DATASET EXCERPT
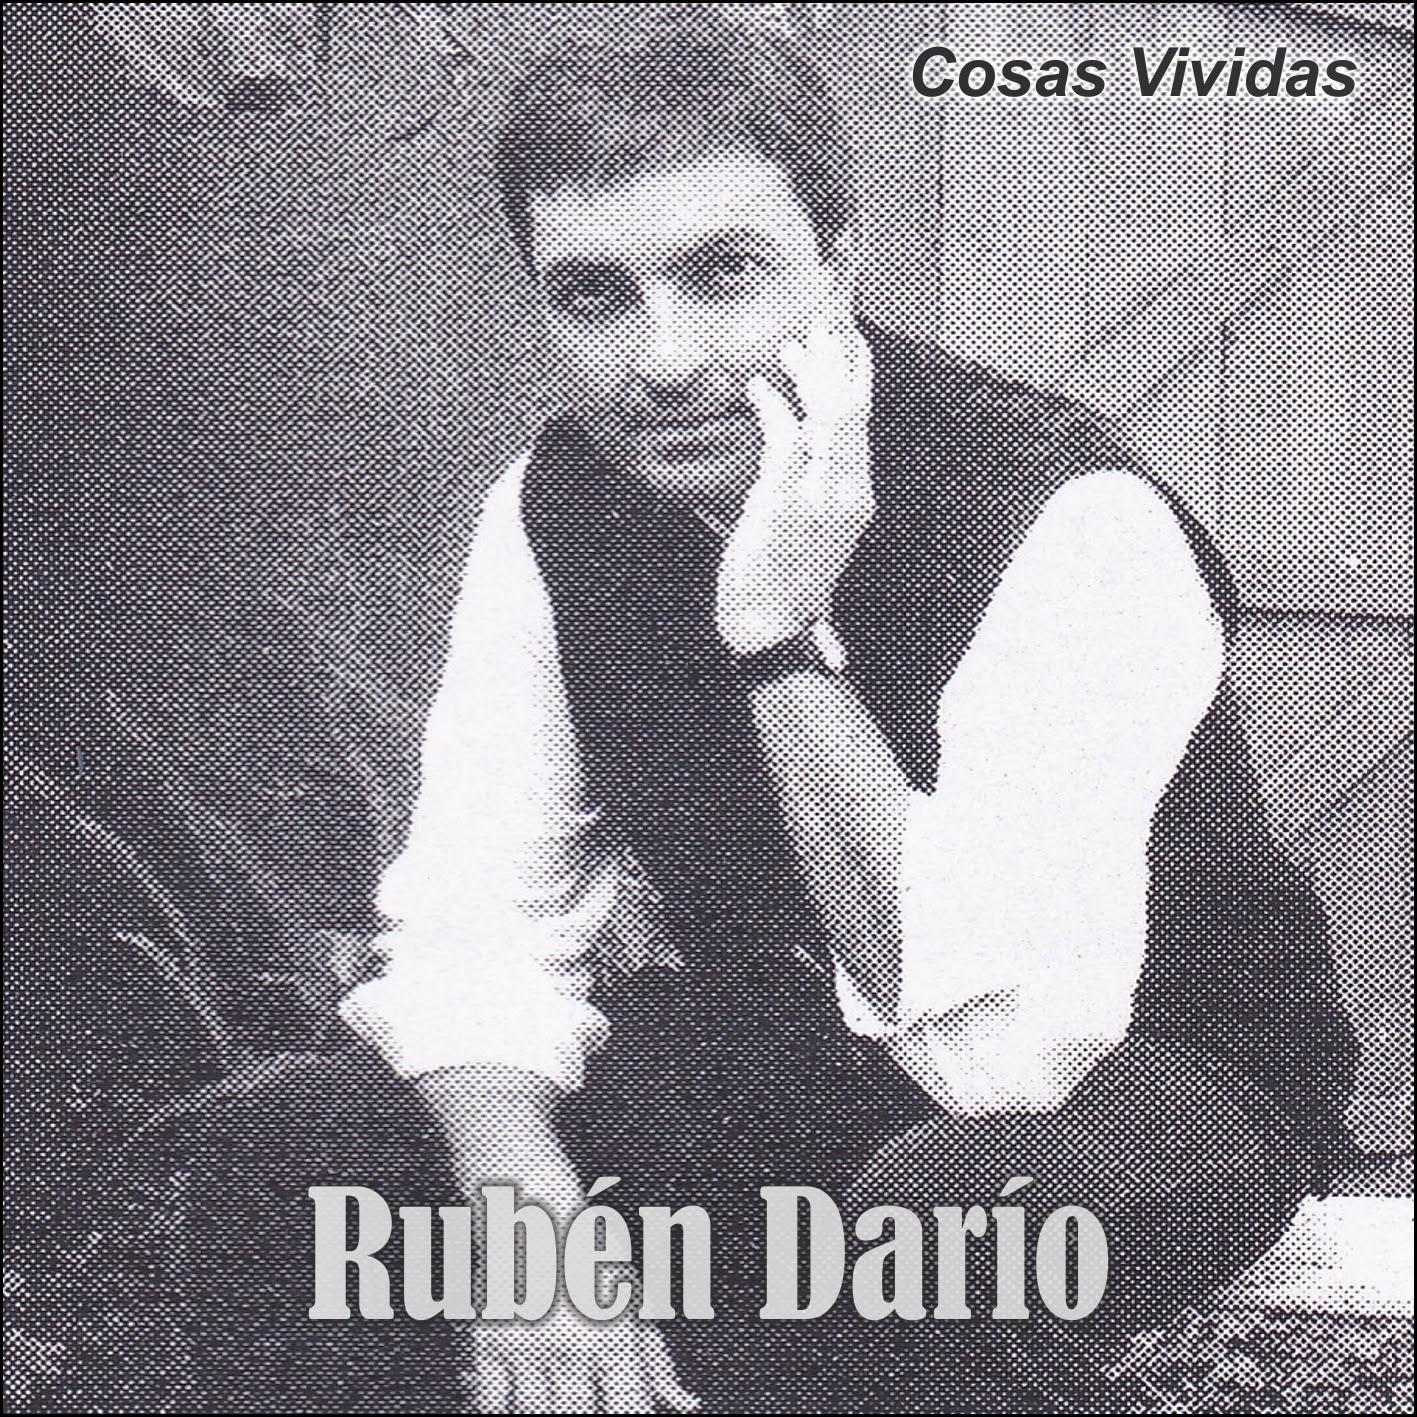 Rubén Darío-Cosas Vividas-
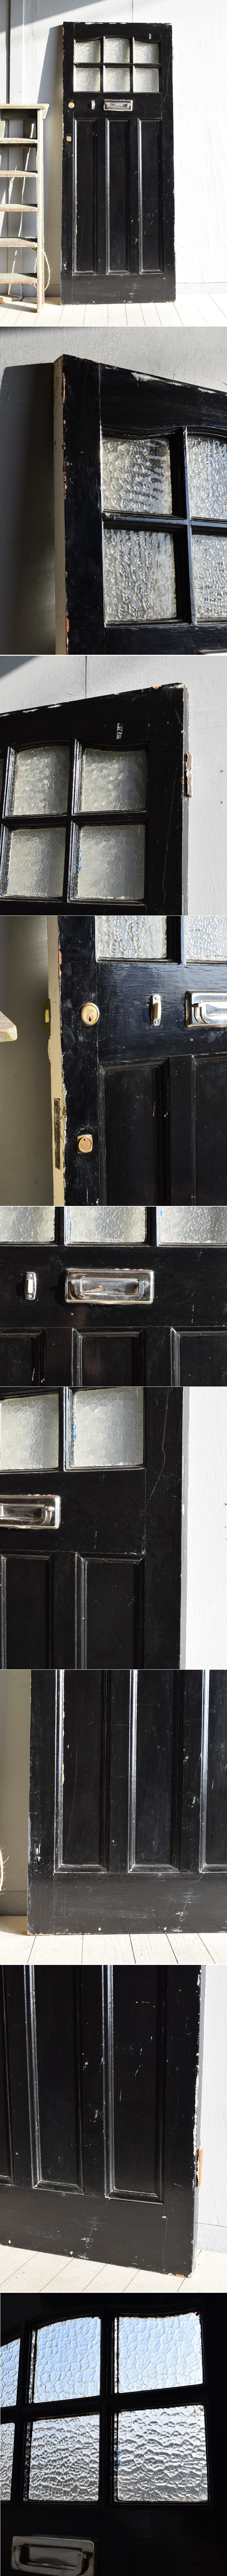 イギリス アンティーク ガラス ドア 扉 ディスプレイ 建具 7873
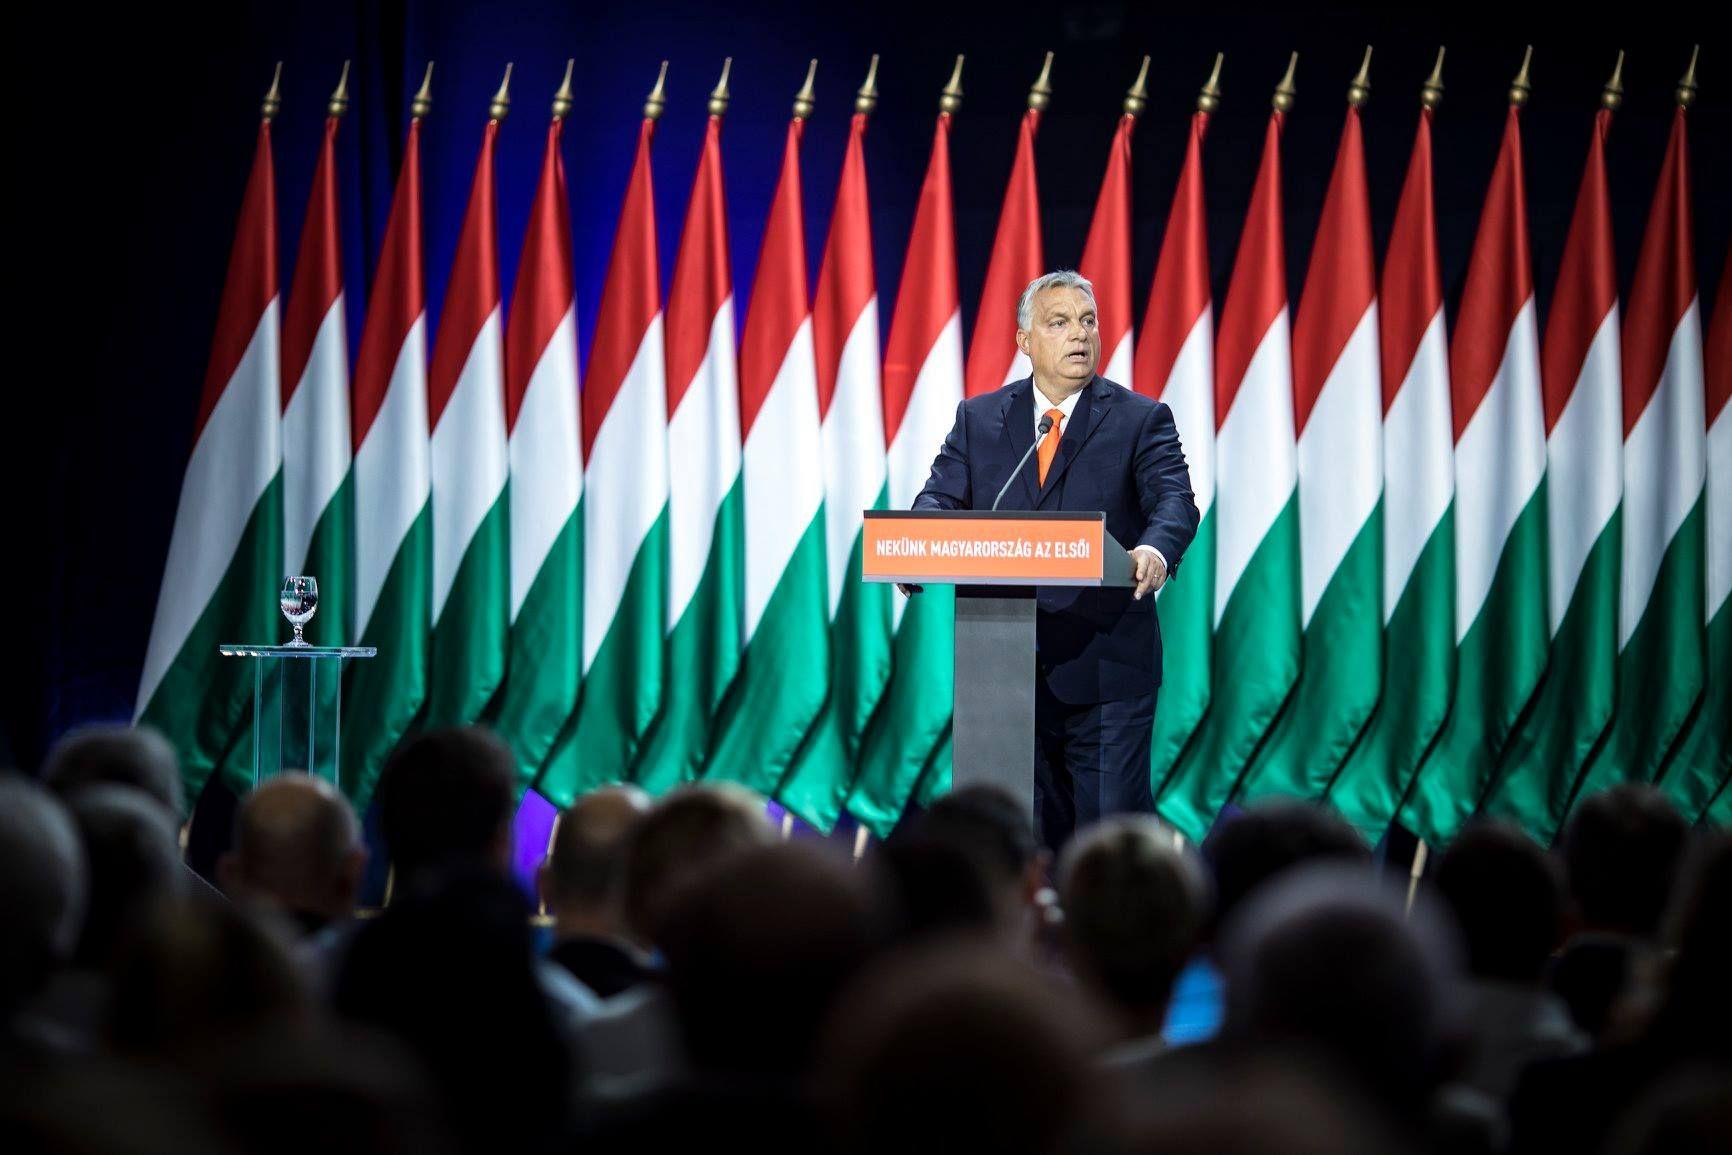 Orban: Roditelji s pravom očekuju da djeca ne budu izložena pornografiji i promociji homoseksualnosti
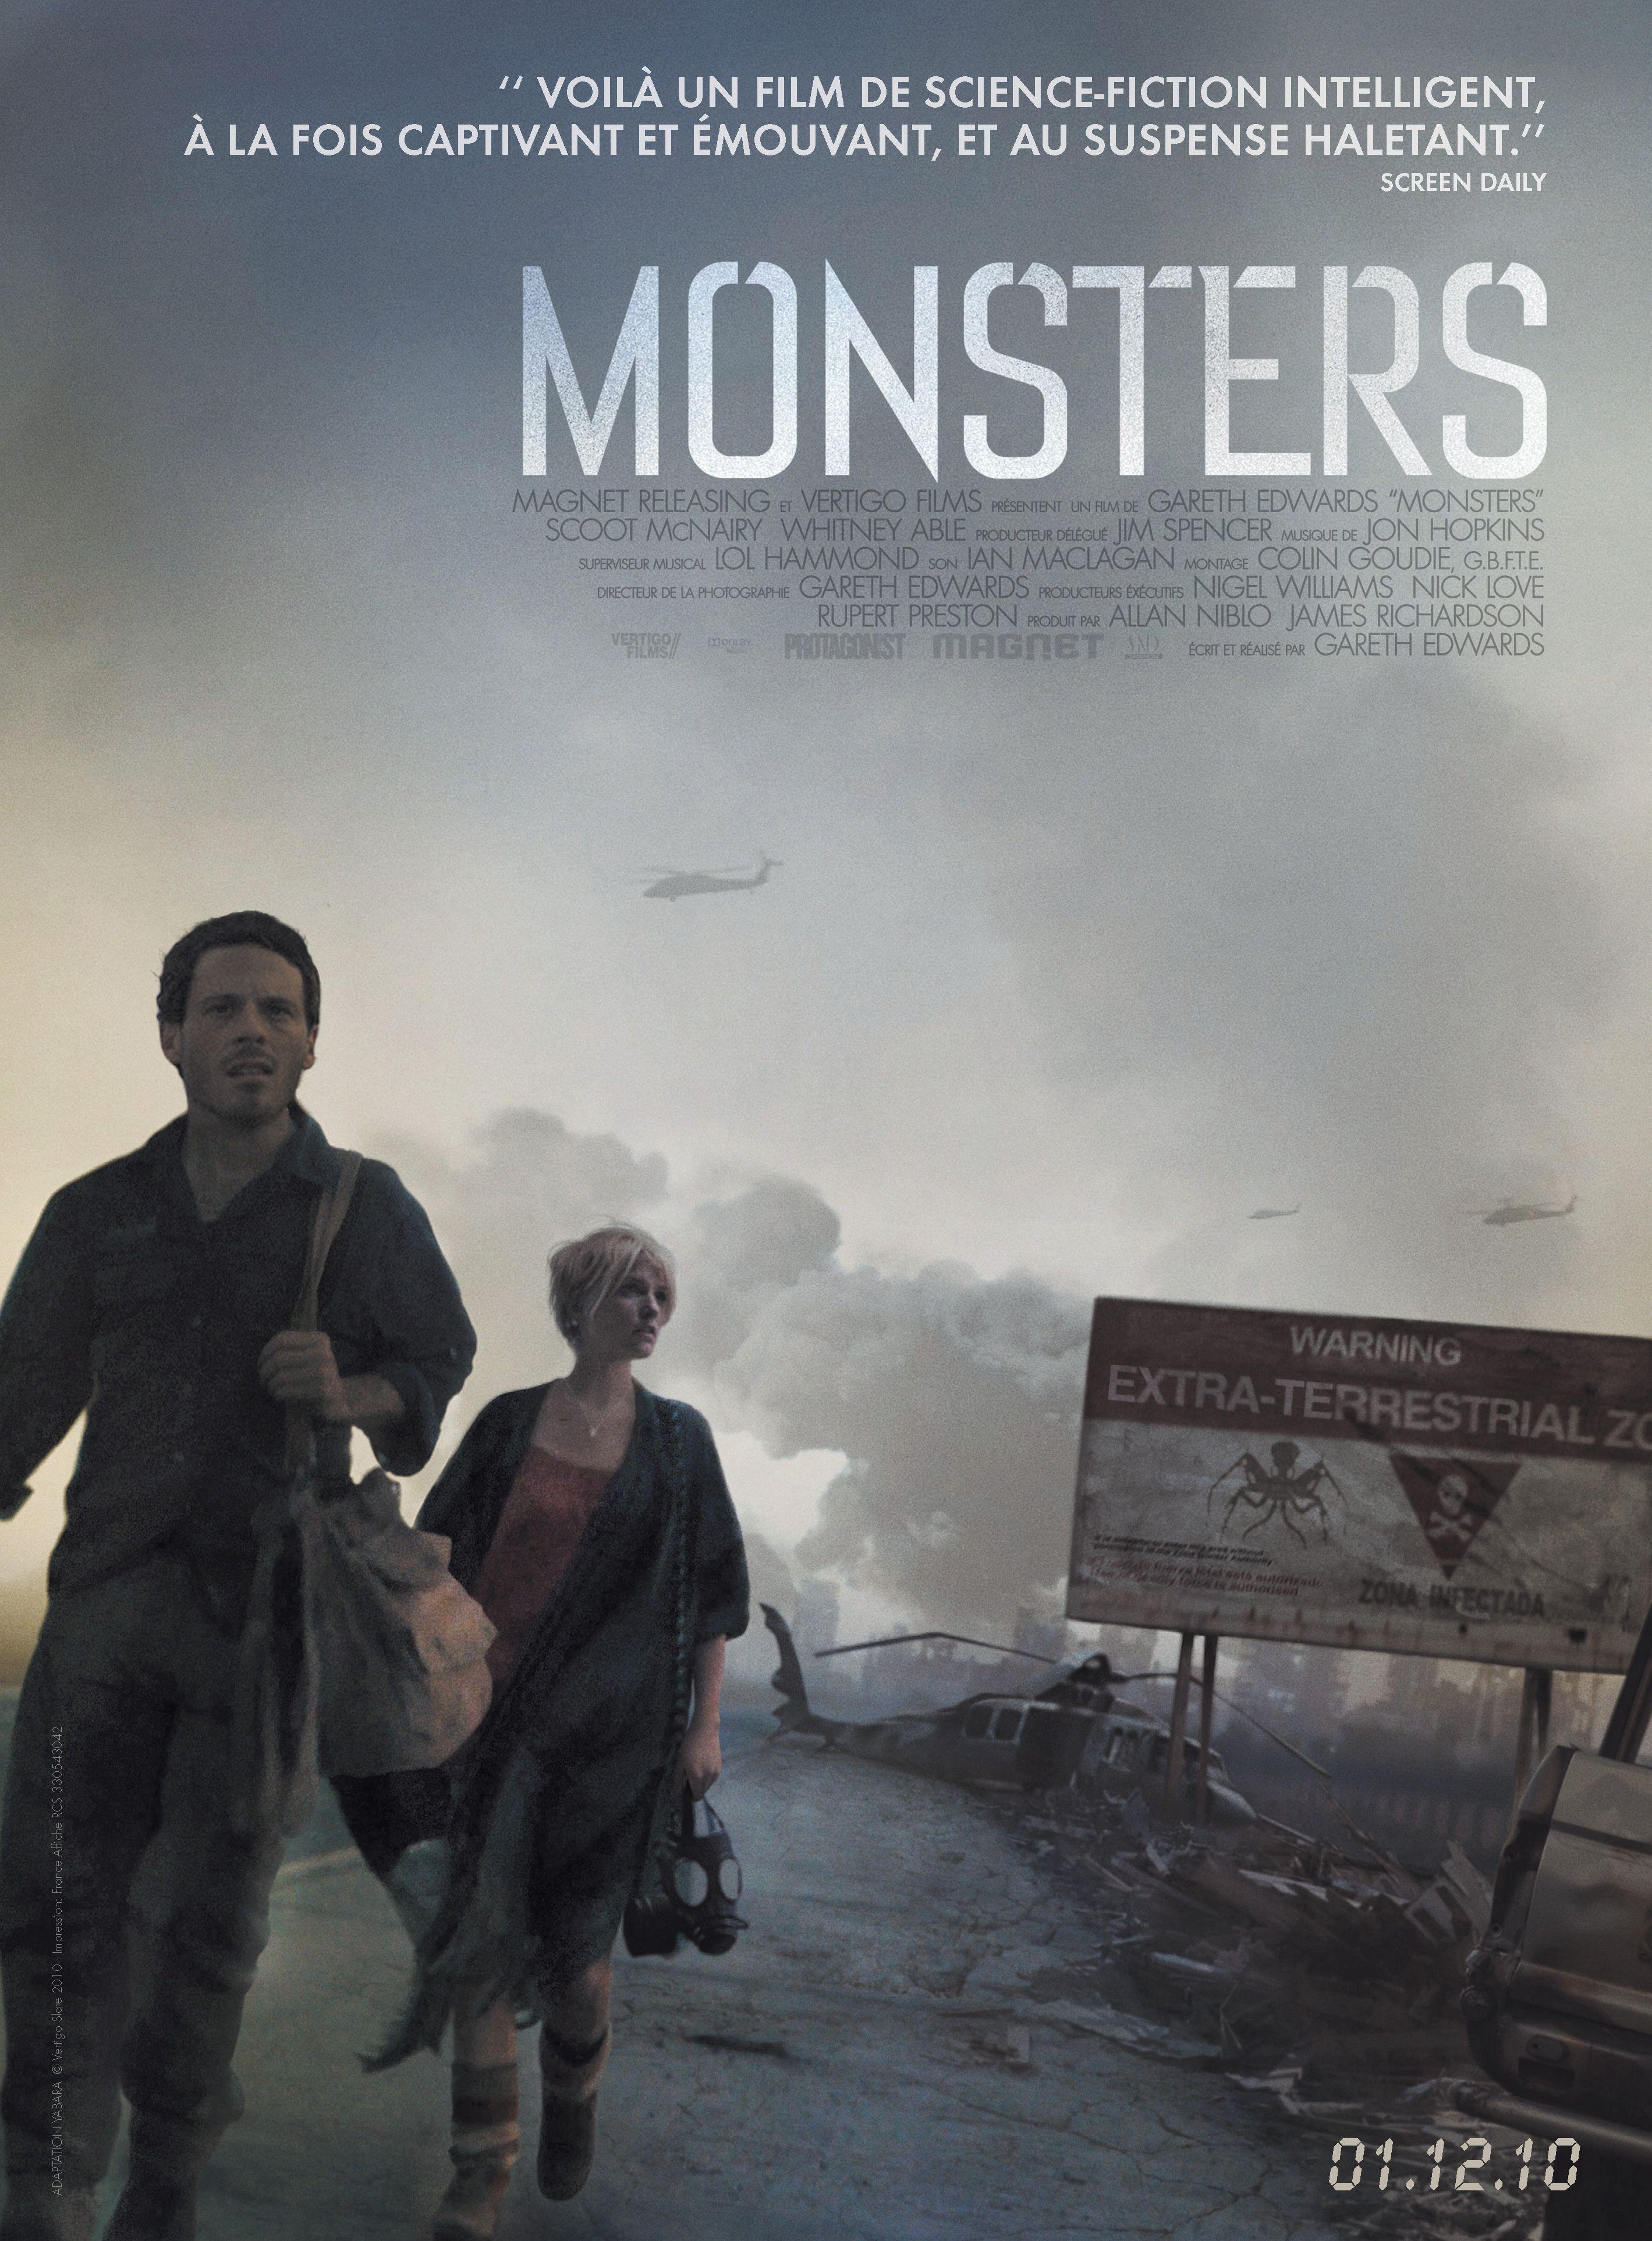 Monsters - Film (2010)

DIRECTIONS FOR THIS TASK
Everything in the material above is to be reproduced exactly, pictures aside.

RESULT OF THIS EXERCISE
 Rubén Darío-Cosas Vividas-
 イギリス アンティーク ガラス ドア 扉 ディスプレイ 建具 7873
 Orban: Roditelji s pravom očekuju da djeca ne budu izložena pornografiji i promociji homoseksualnosti
 Monsters - Film (2010)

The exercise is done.